ACTION ITEM
Taking the line with "Mushroom amongst fallen leaves Stock Photo" as the first and the last line of the listing as the final one, please copy exactly those lines and no others, without pictures.

SUPPLIED INFORMATION

^^^^^^^^^^^^^^^^

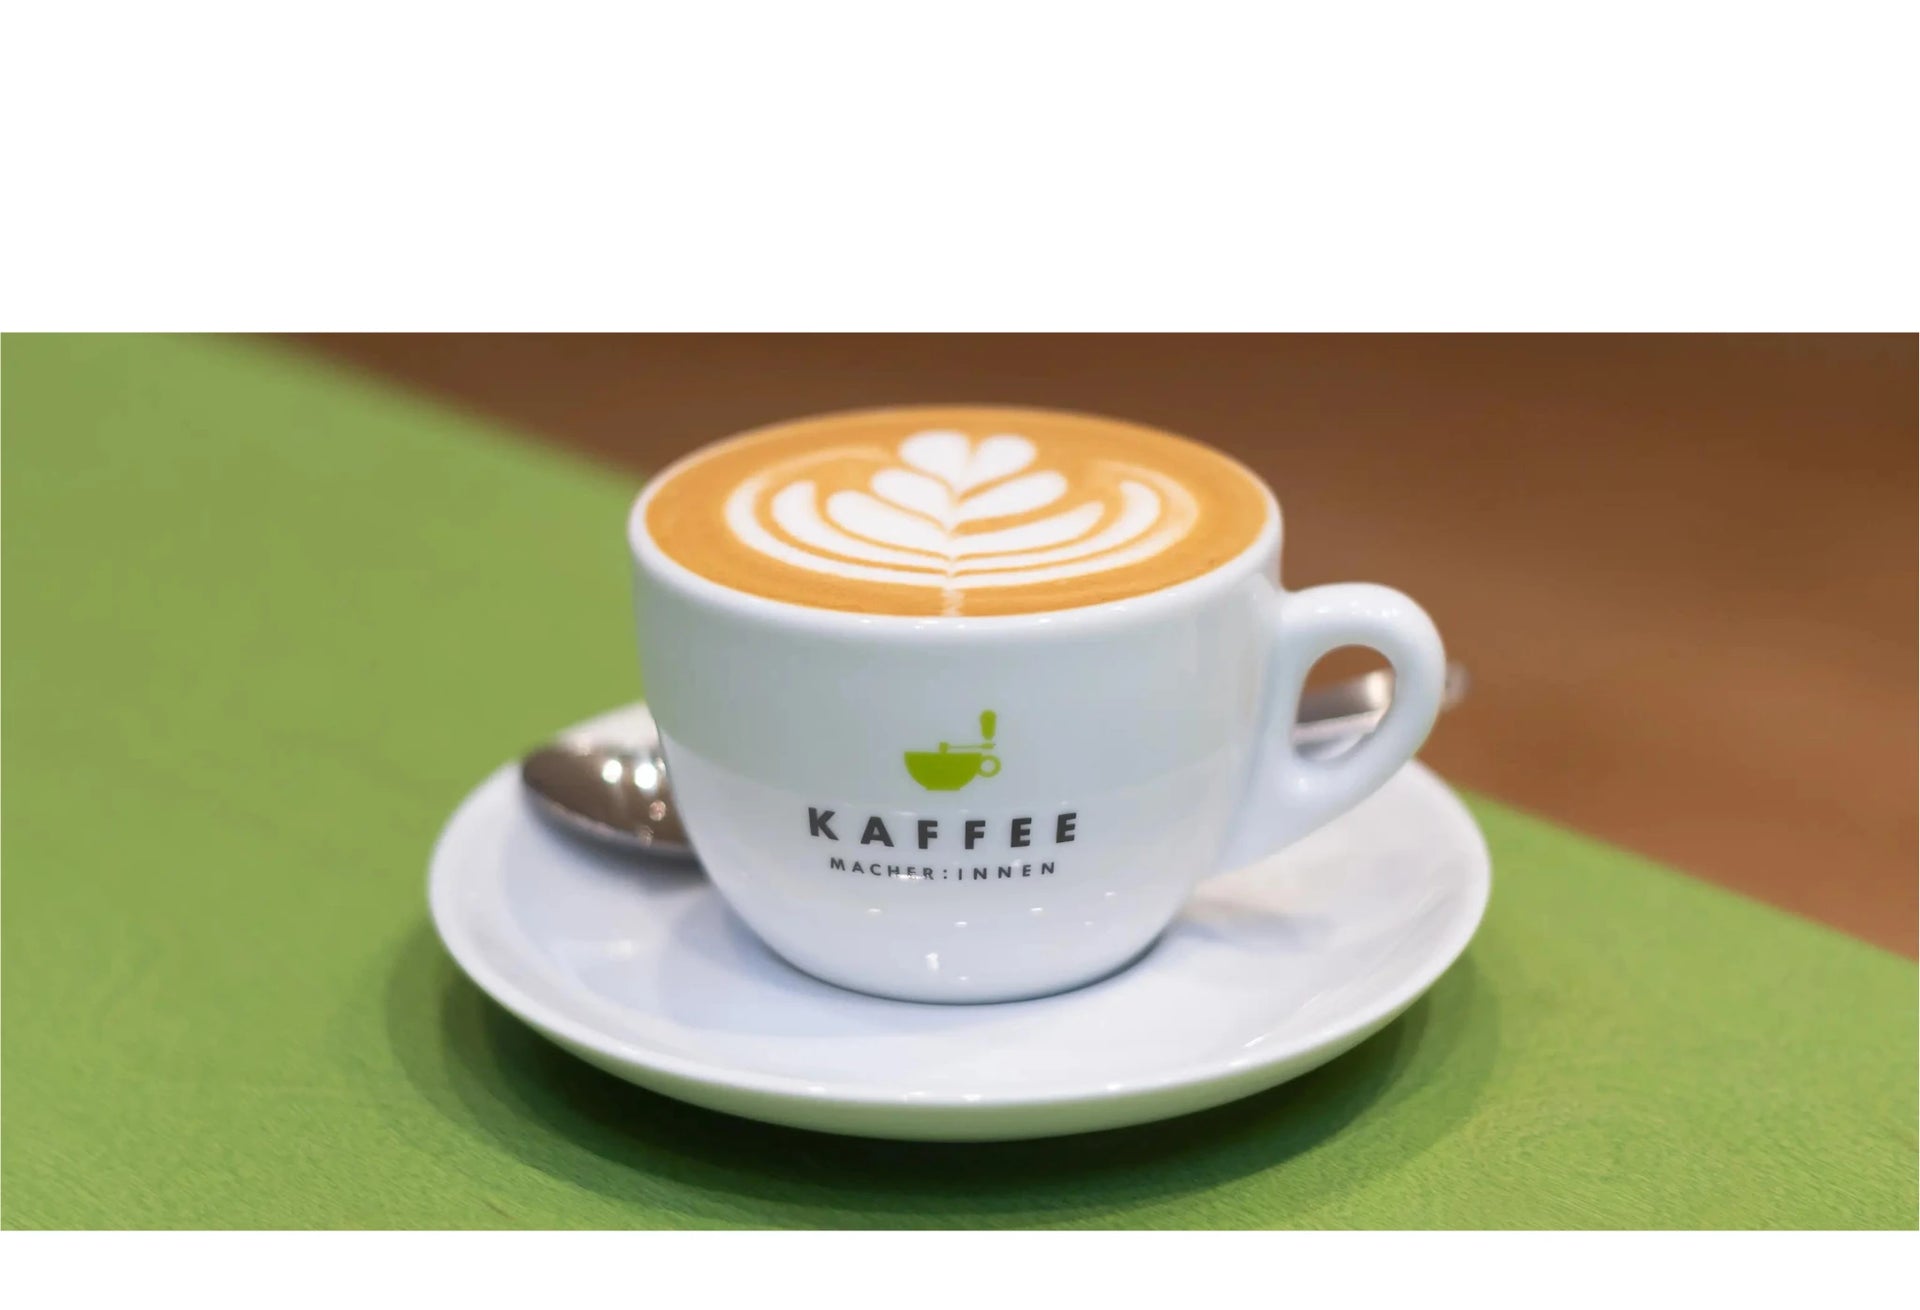 Das Bild zeigt eine gefüllte Kaffeetasse mit Latte Art
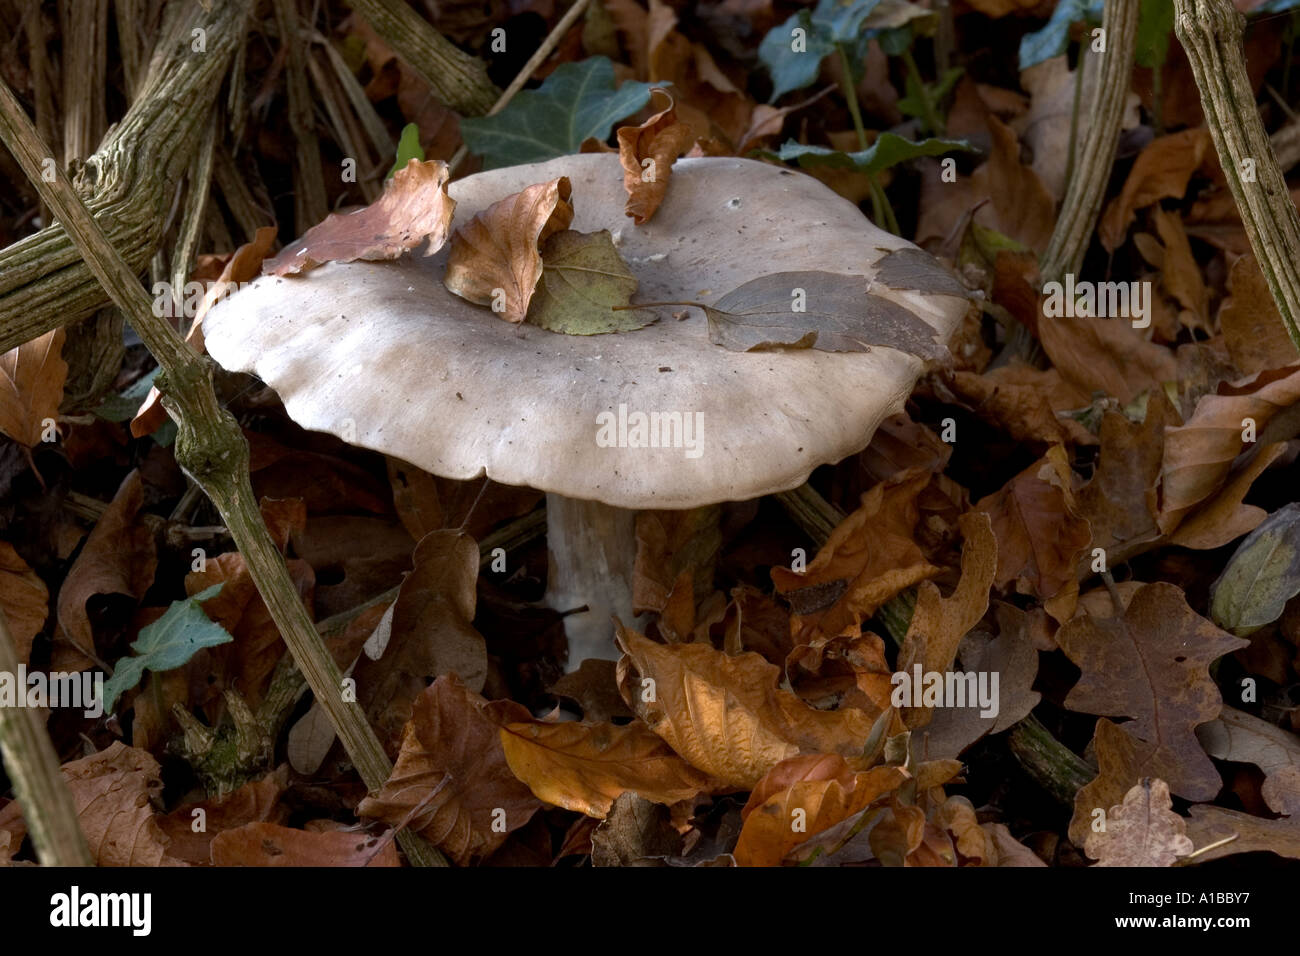 Mushroom amongst fallen leaves Stock Photo
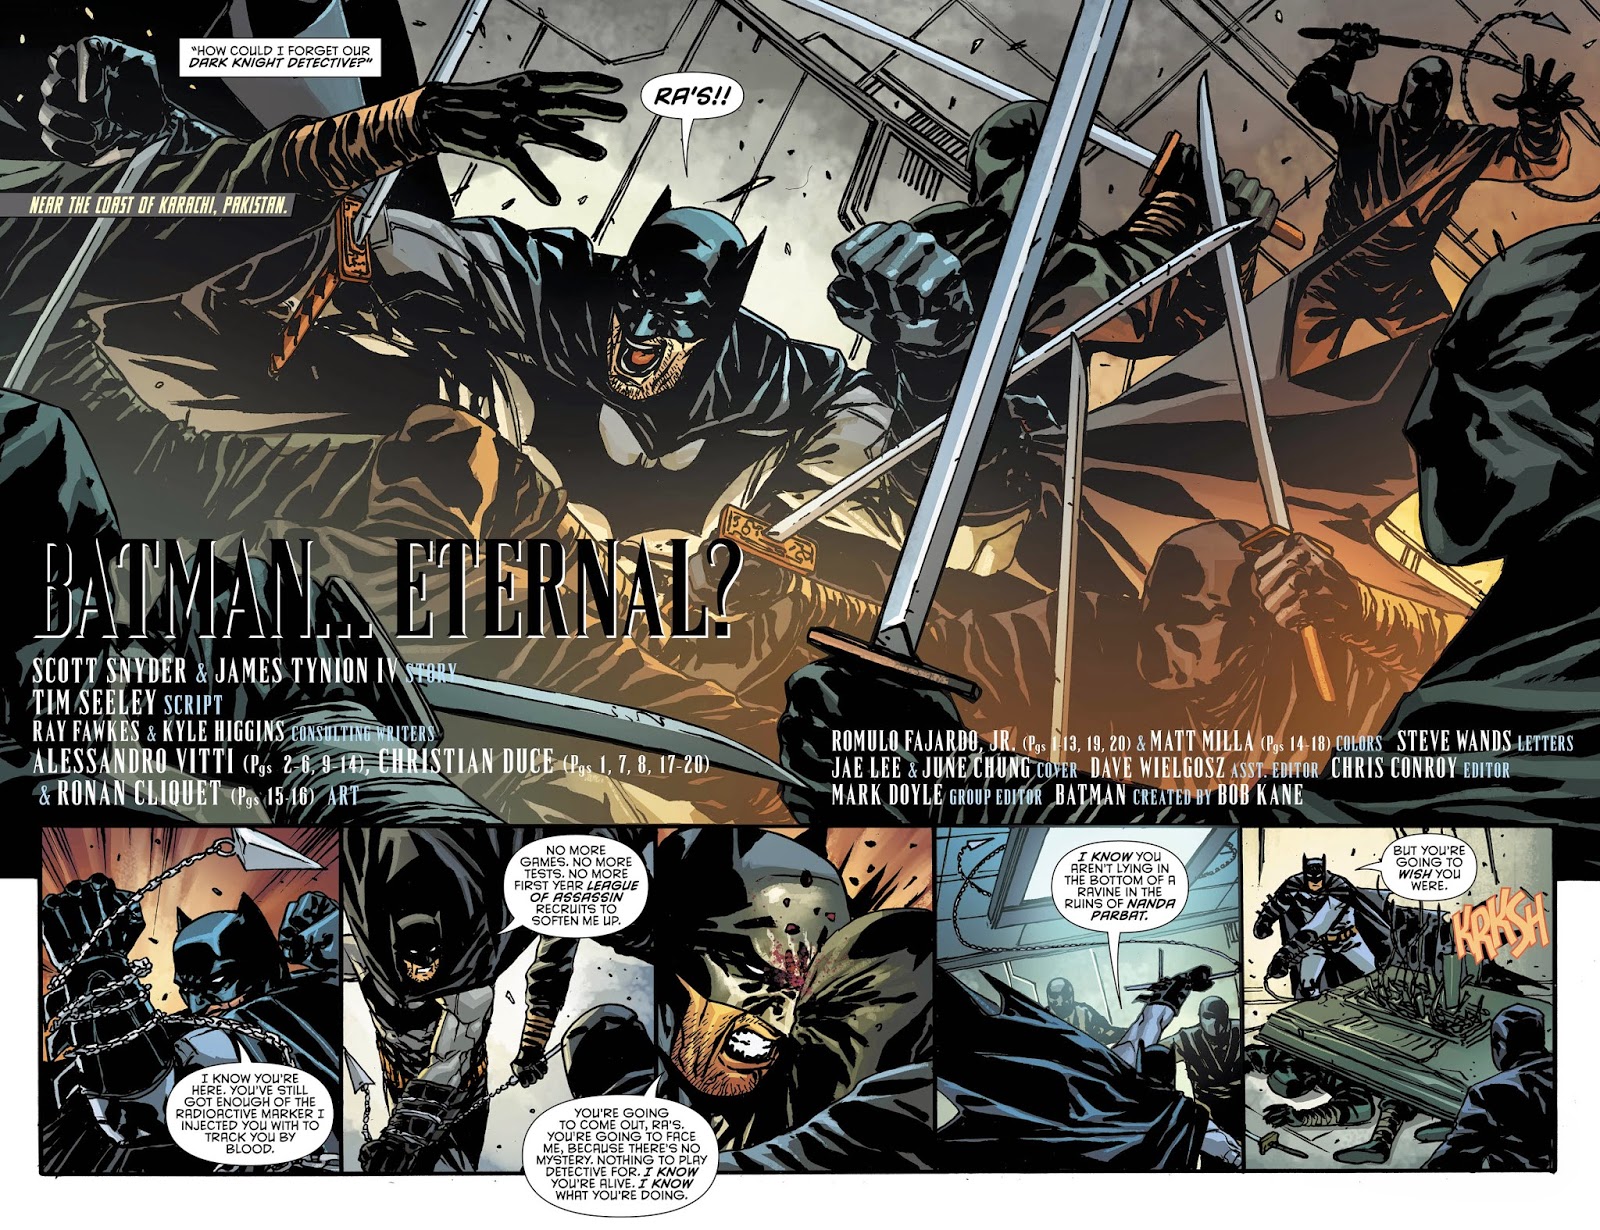 Манга ограниченный временем темный рыцарь 53. Бэтмен Скотт Снайдер хронология комиксов. Мистер Хиггинс комикс.

^^^^^^^^^^^^^^^^

TASK SOLUTION
 Mushroom amongst fallen leaves Stock Photo
 Манга ограниченный временем темный рыцарь 53. Бэтмен Скотт Снайдер хронология комиксов. Мистер Хиггинс комикс.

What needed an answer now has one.